◆ **ASSIGNMENT**
Nothing but a verbatim copy of the data, minus the images, should be returned.

◆ **DATA PROVIDED**
*-*-*
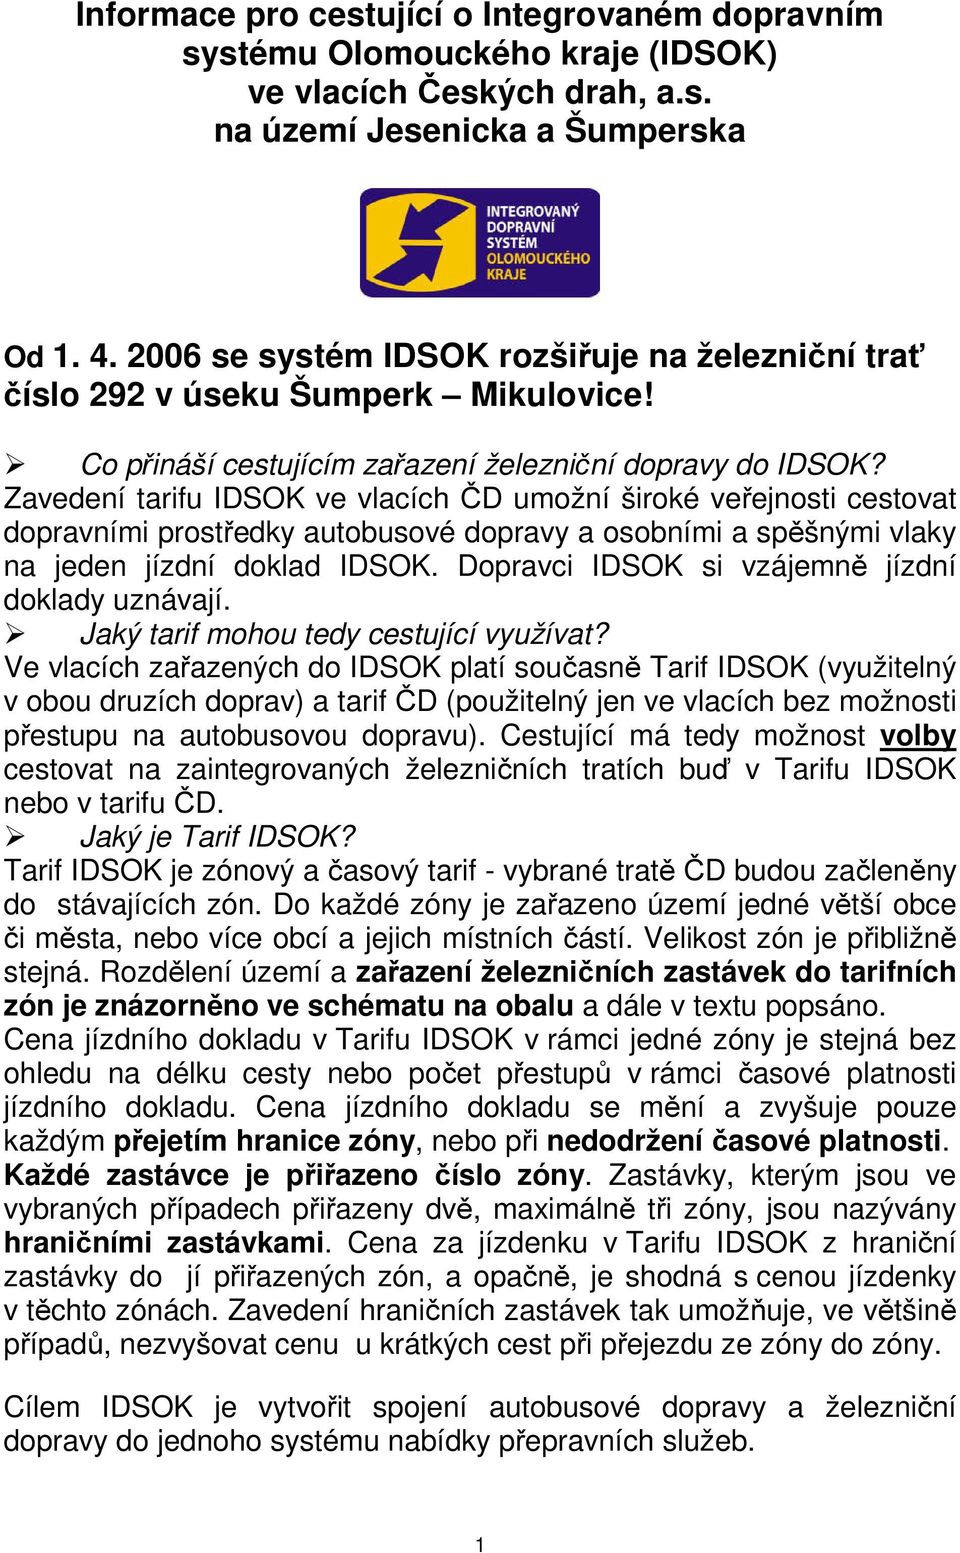 Zavedení tarifu IDSOK ve vlacích ČD umožní široké veřejnosti cestovat dopravními prostředky autobusové dopravy a osobními a spěšnými vlaky na jeden jízdní doklad IDSOK.
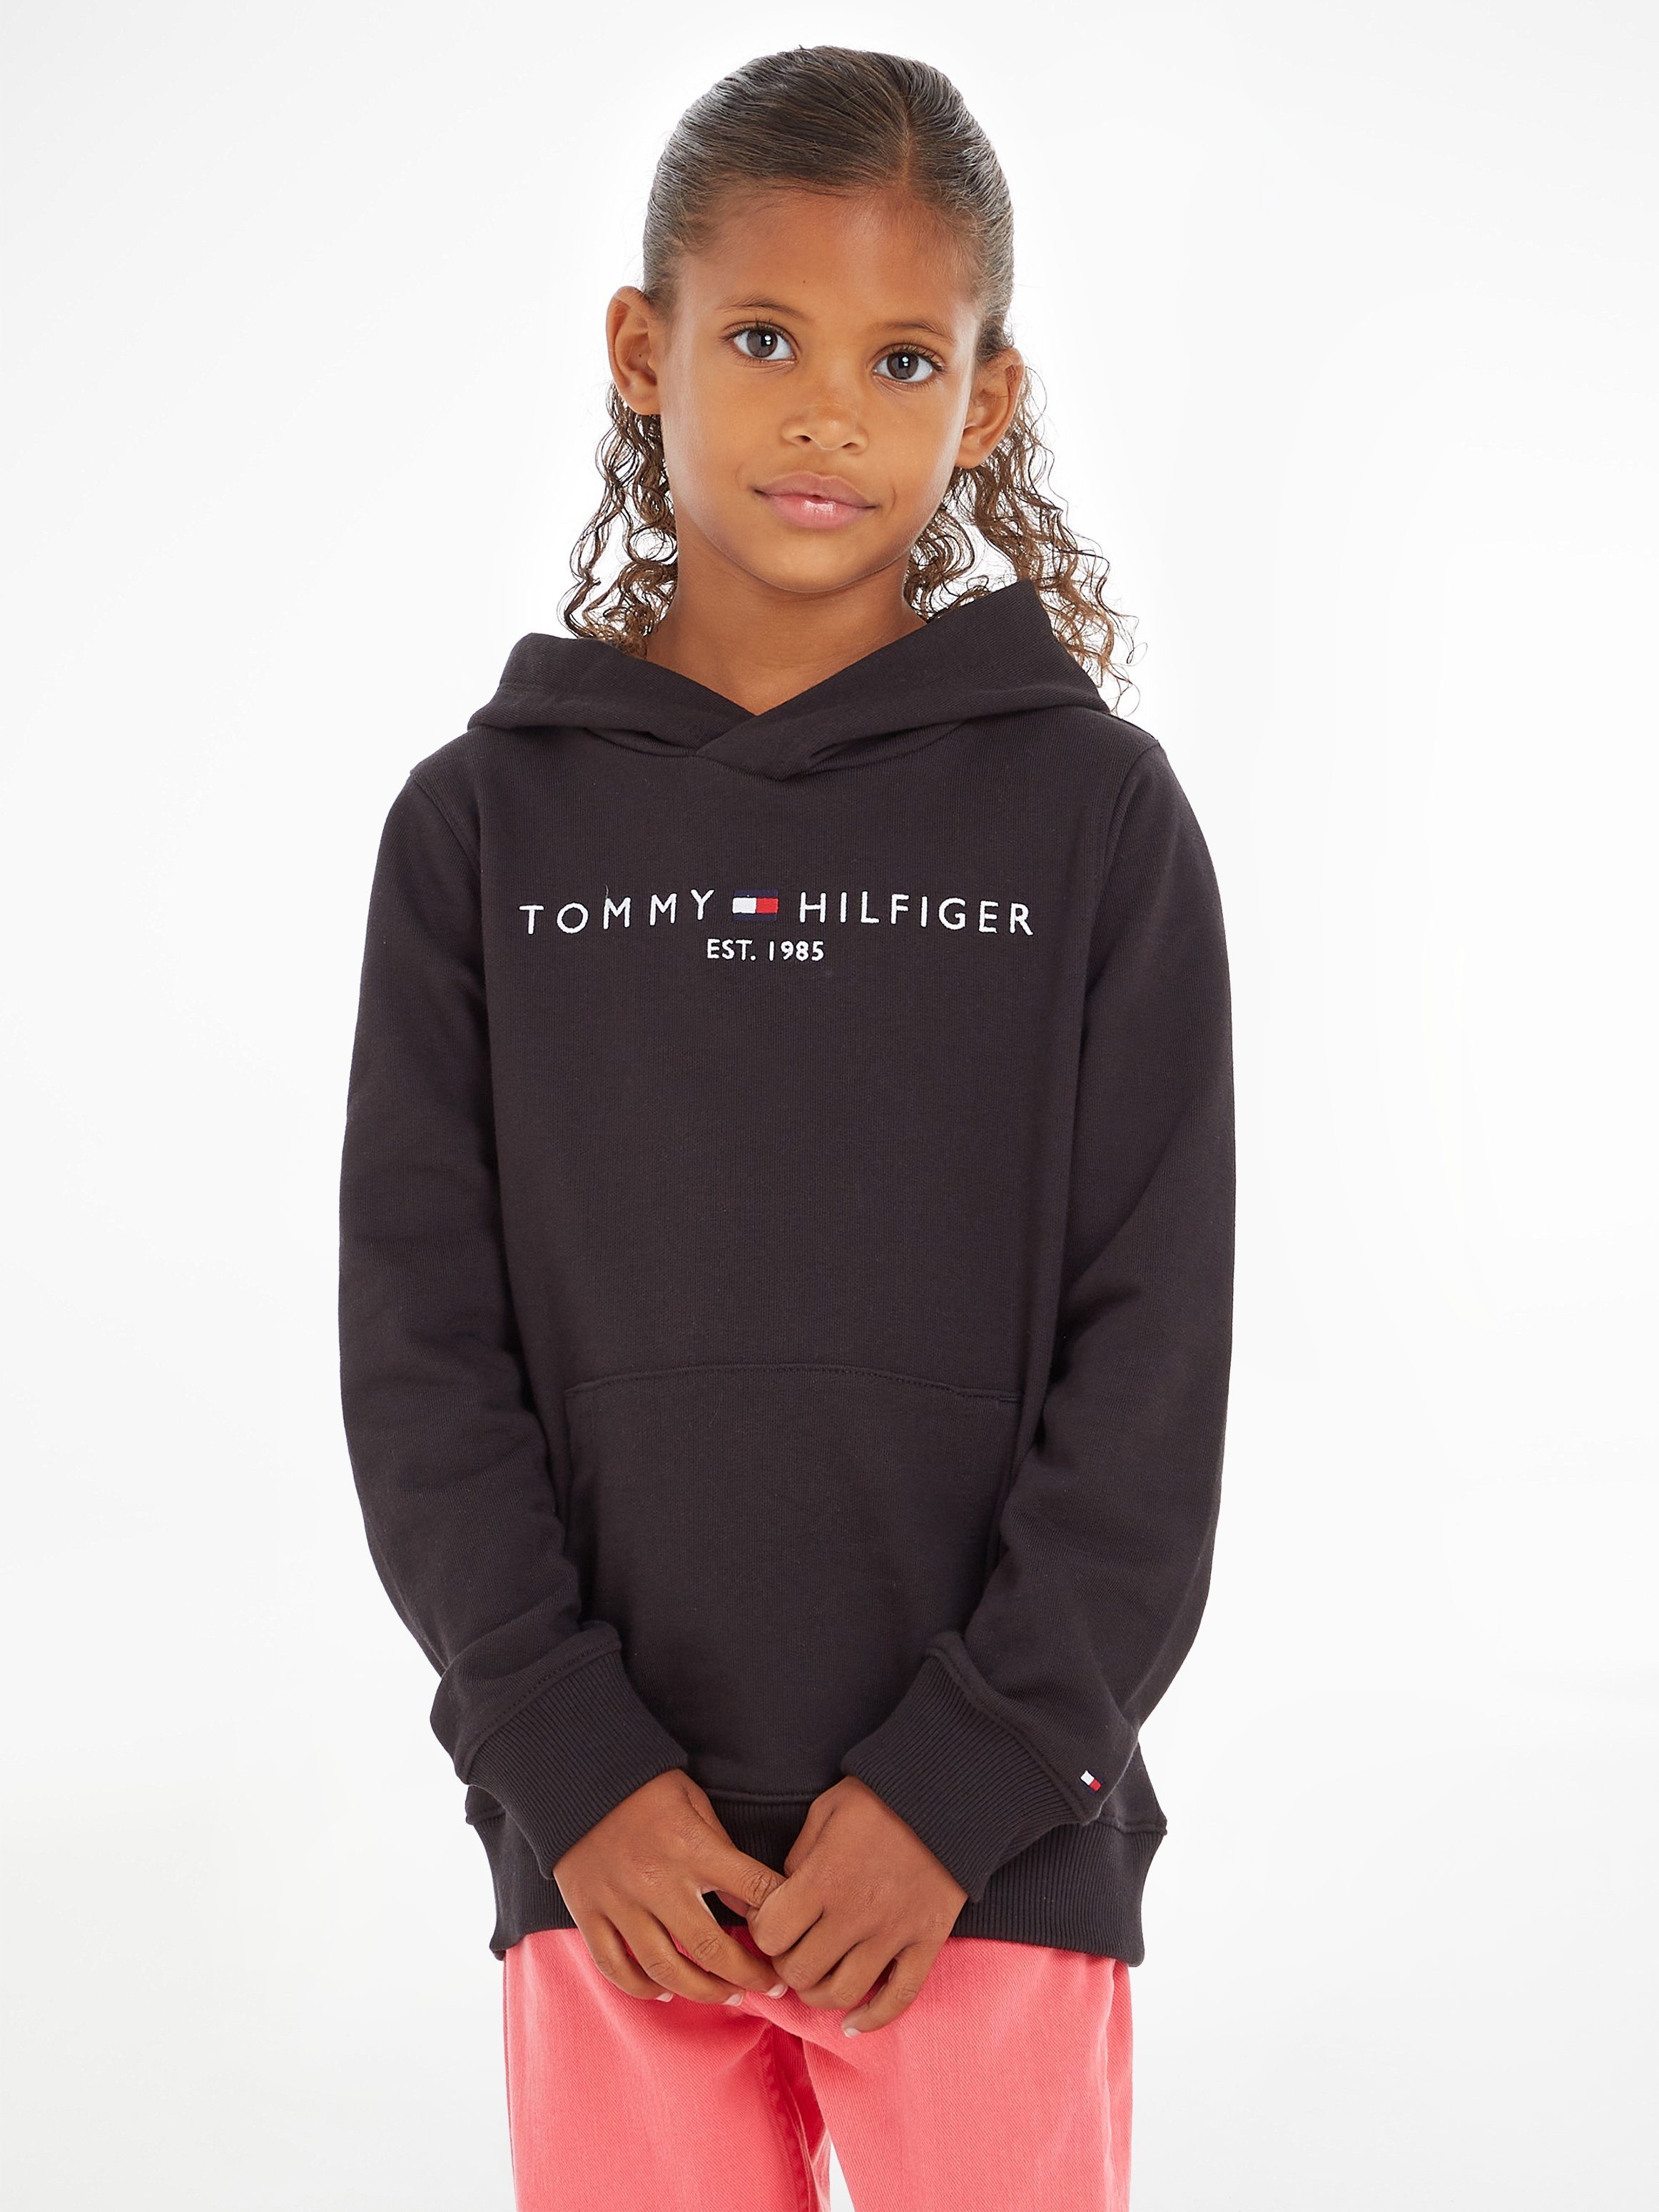 Mädchen MiniMe,für Kapuzensweatshirt und Kids Hilfiger Jungen ESSENTIAL Kinder Tommy Junior HOODIE
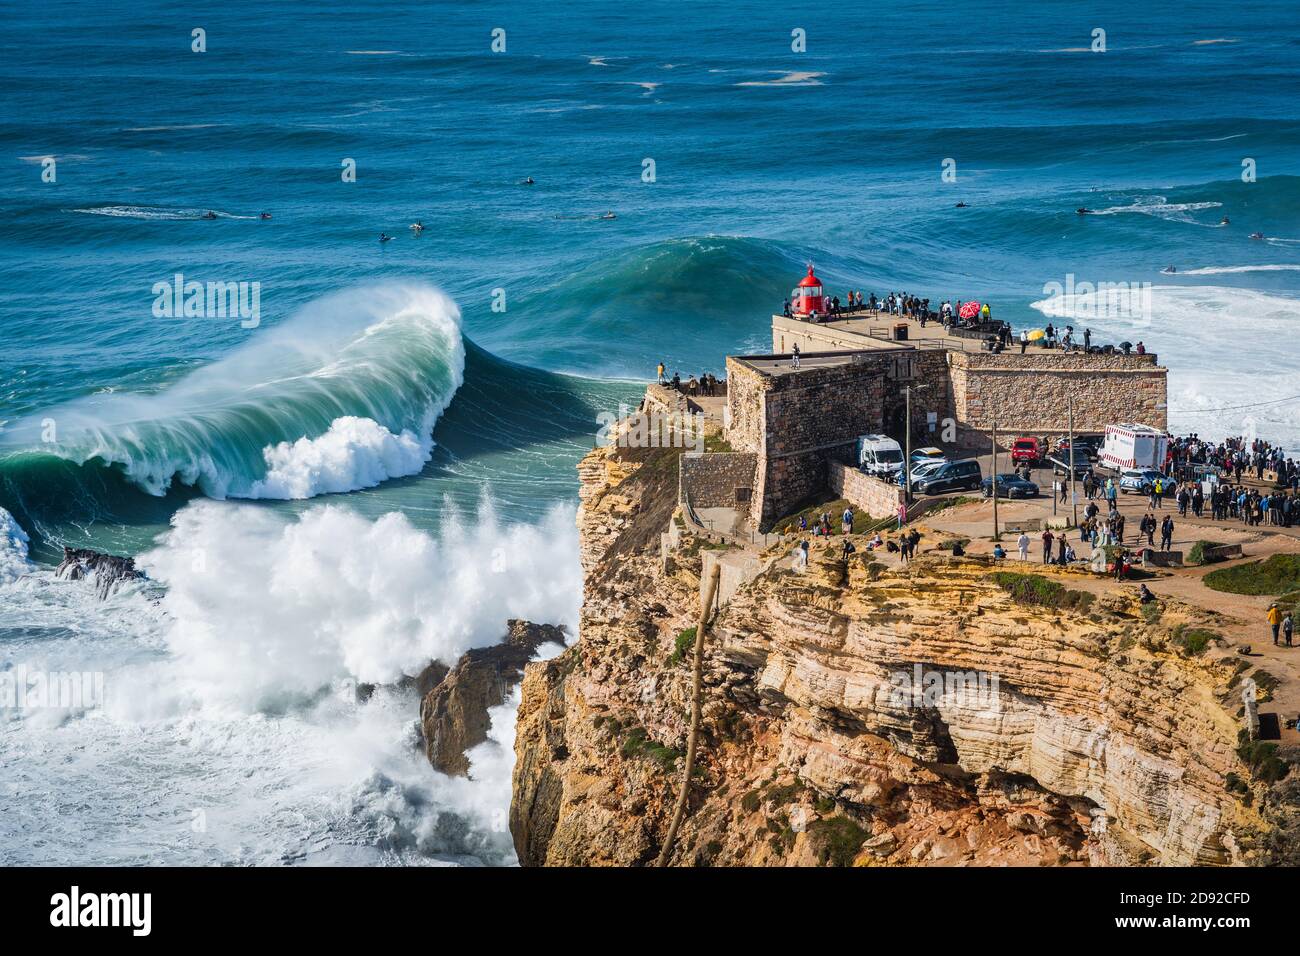 Große Wellen schlagen in der Nähe des Leuchtturms Fort von Nazare in Nazare, Portugal. Nazare ist bekannt dafür, die größten Wellen der Welt zu haben. Stockfoto
*-*-*
◆ **YOUR RESPONSE**
 Zavedení tarifu IDSOK ve vlacích ČD umožní široké veřejnosti cestovat dopravními prostředky autobusové dopravy a osobními a spěšnými vlaky na jeden jízdní doklad IDSOK.
 Mädchen MiniMe,für Kapuzensweatshirt und Kids Hilfiger Jungen ESSENTIAL Kinder Tommy Junior HOODIE
 Große Wellen schlagen in der Nähe des Leuchtturms Fort von Nazare in Nazare, Portugal. Nazare ist bekannt dafür, die größten Wellen der Welt zu haben. Stockfoto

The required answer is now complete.